(Records from a data collection)
******

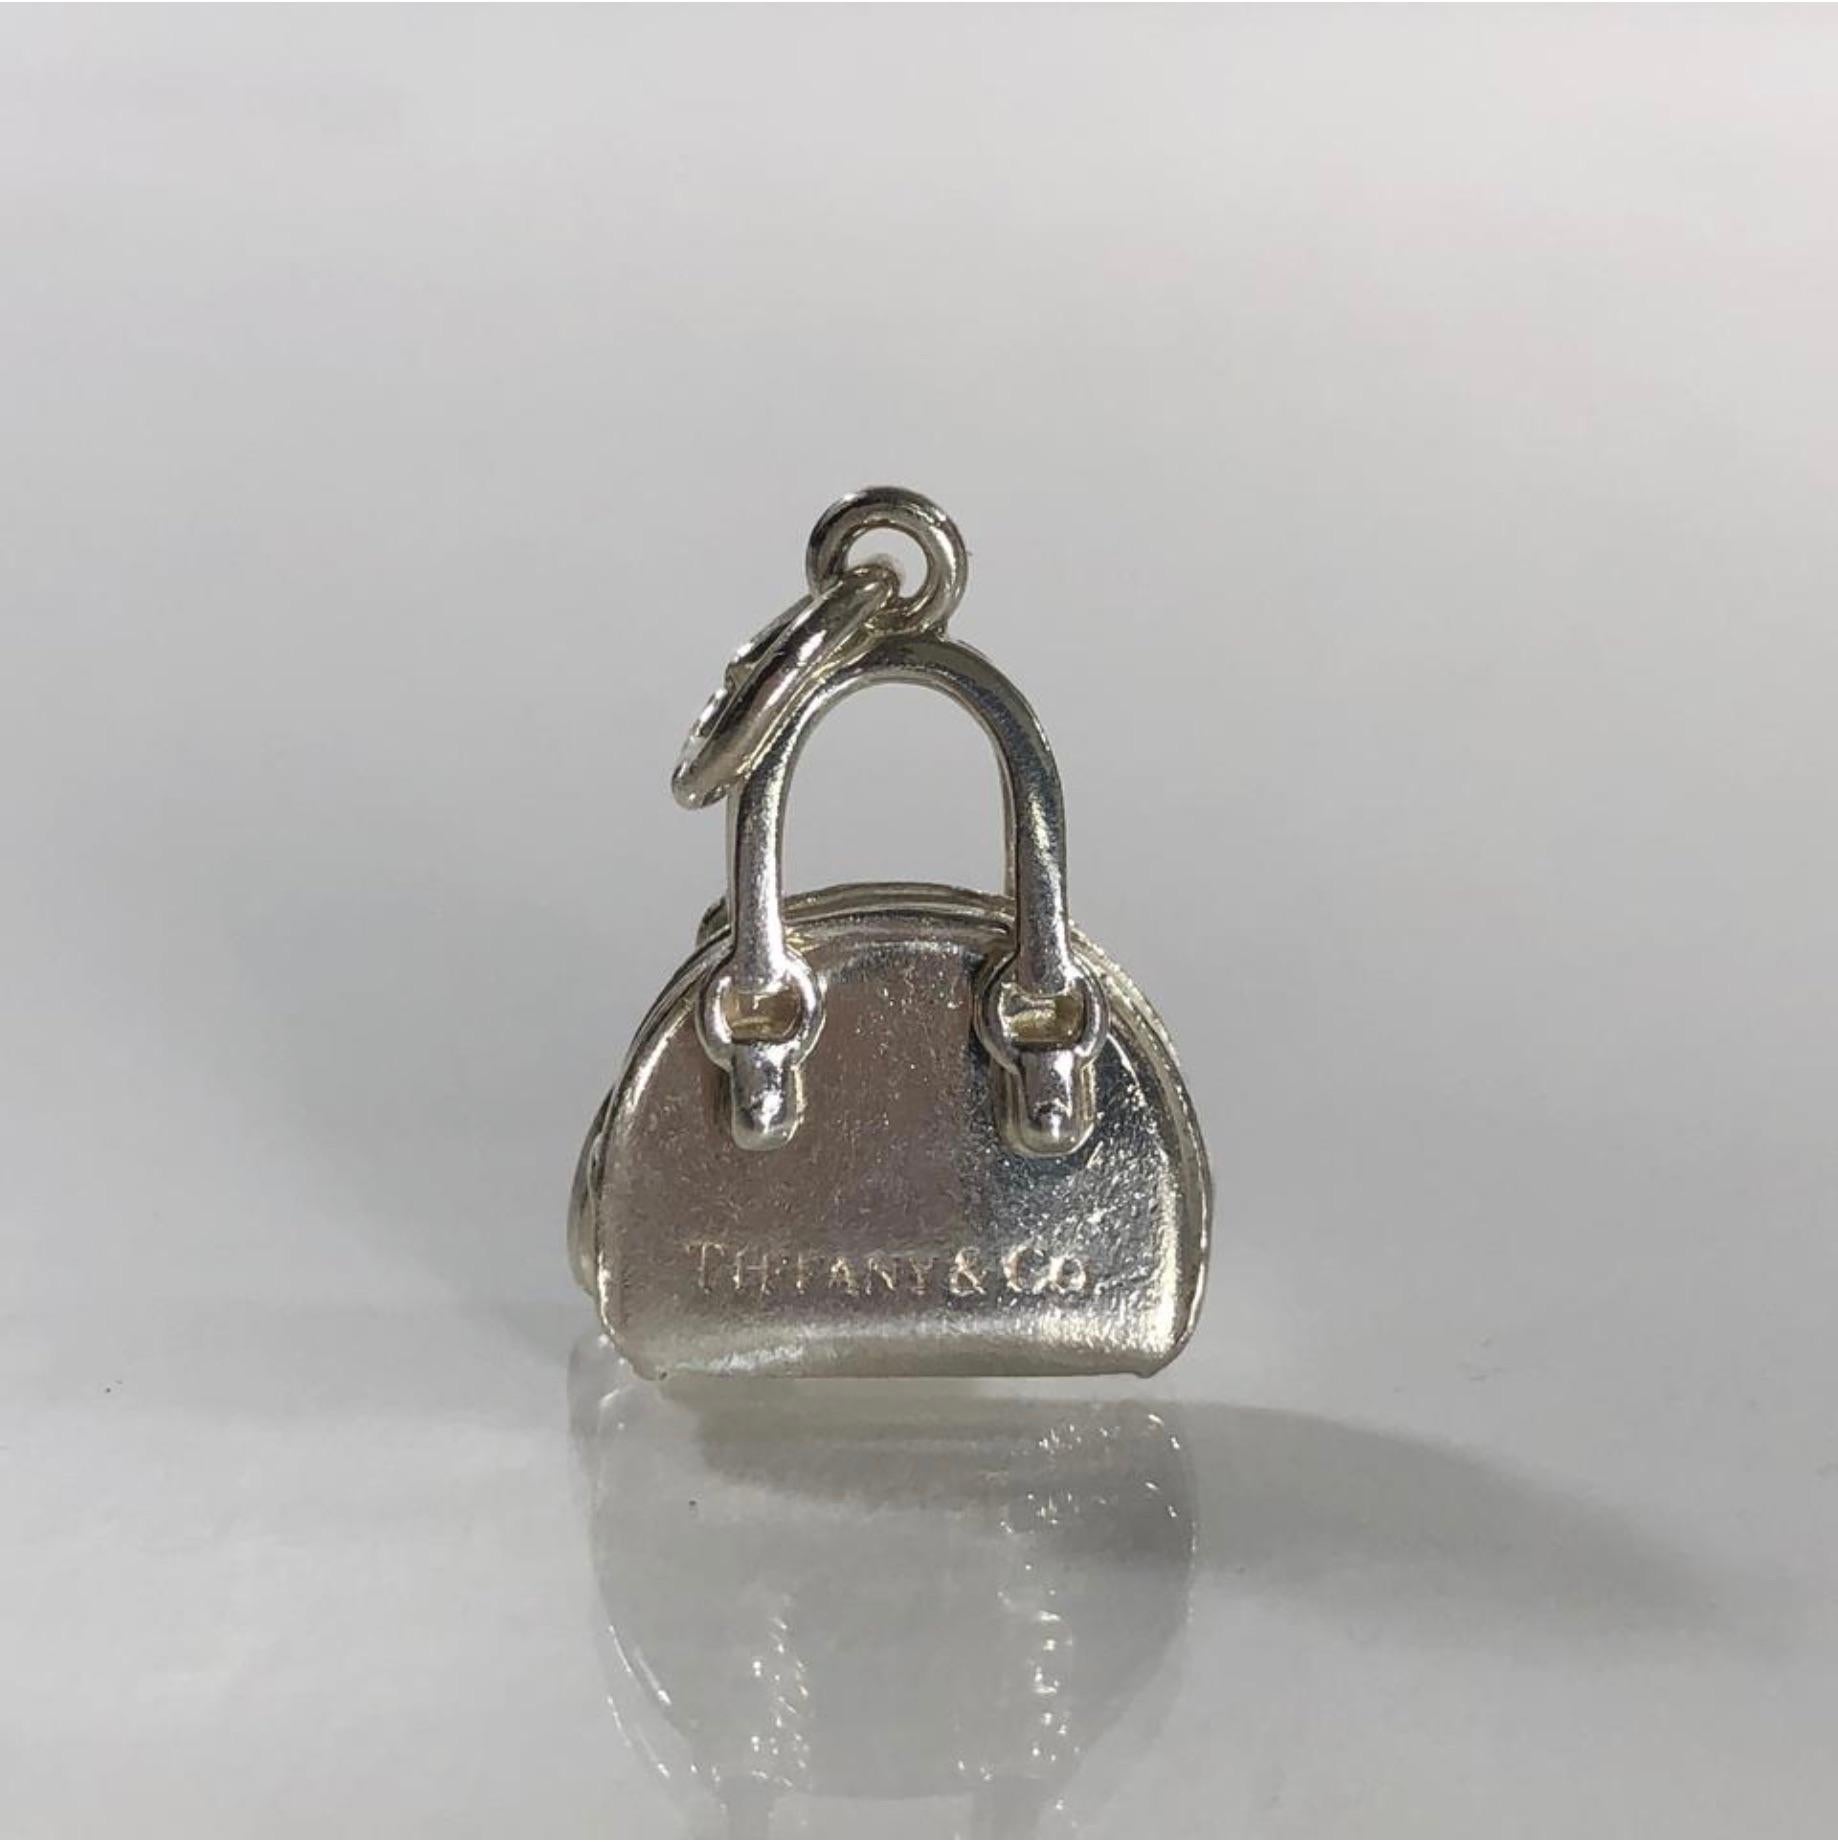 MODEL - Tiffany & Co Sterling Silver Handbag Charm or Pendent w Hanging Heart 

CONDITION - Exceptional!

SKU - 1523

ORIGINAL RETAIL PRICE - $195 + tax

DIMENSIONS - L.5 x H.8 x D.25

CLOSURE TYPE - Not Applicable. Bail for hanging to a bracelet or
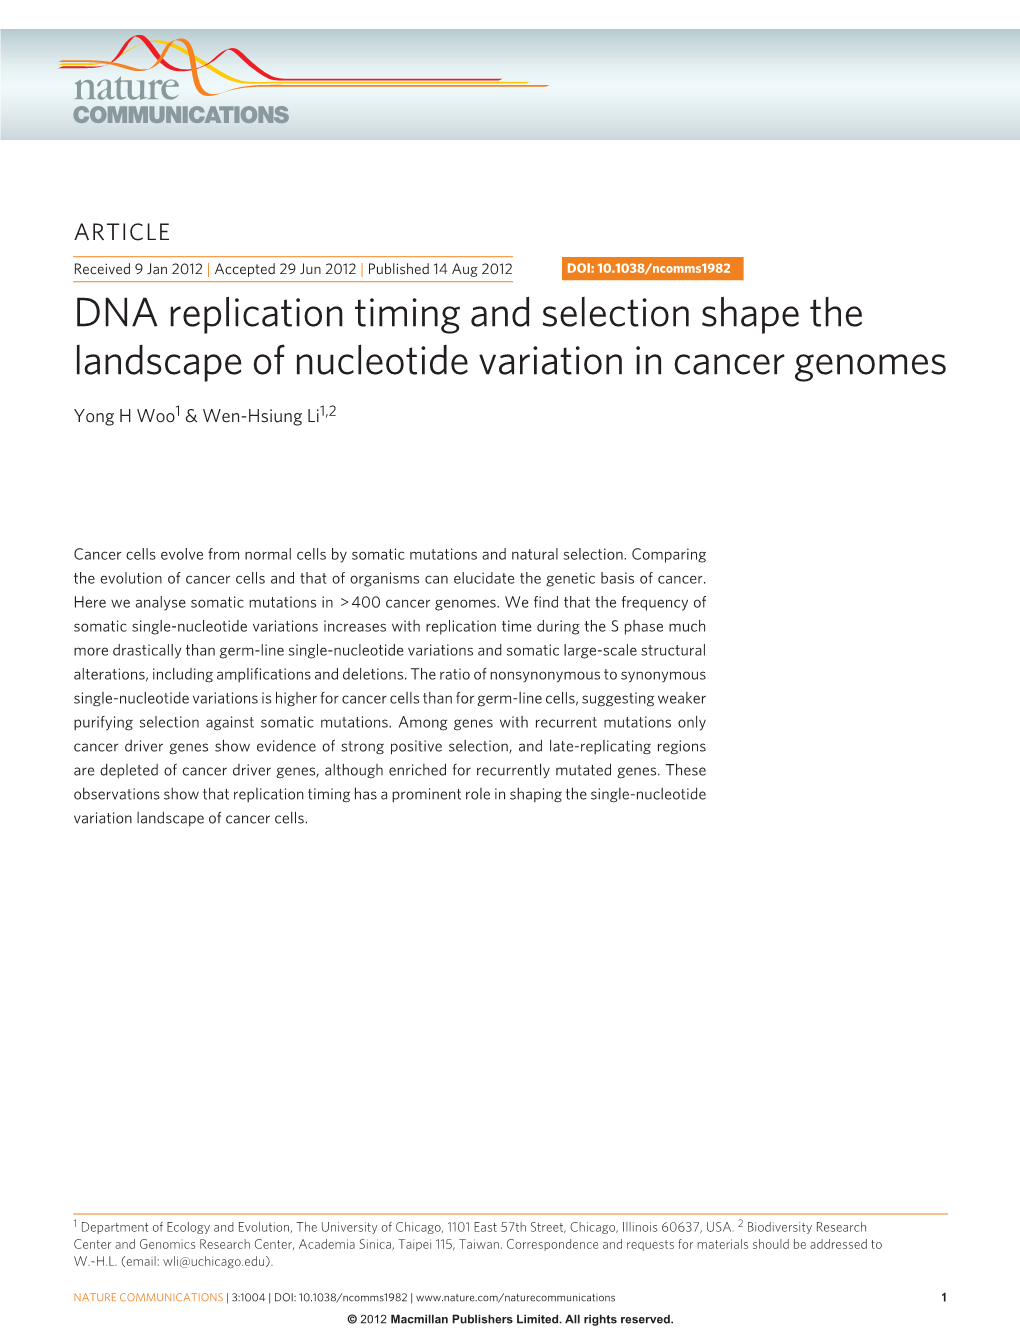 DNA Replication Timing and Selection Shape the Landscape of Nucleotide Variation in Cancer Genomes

******

Start with the line that holds "ORIGINAL RETAIL PRICE - $195 + tax" and retype each line through the last one in the data, exactly and without pictures.

ORIGINAL RETAIL PRICE - $195 + tax

DIMENSIONS - L.5 x H.8 x D.25

CLOSURE TYPE - Not Applicable. Bail for hanging to a bracelet or
 DNA Replication Timing and Selection Shape the Landscape of Nucleotide Variation in Cancer Genomes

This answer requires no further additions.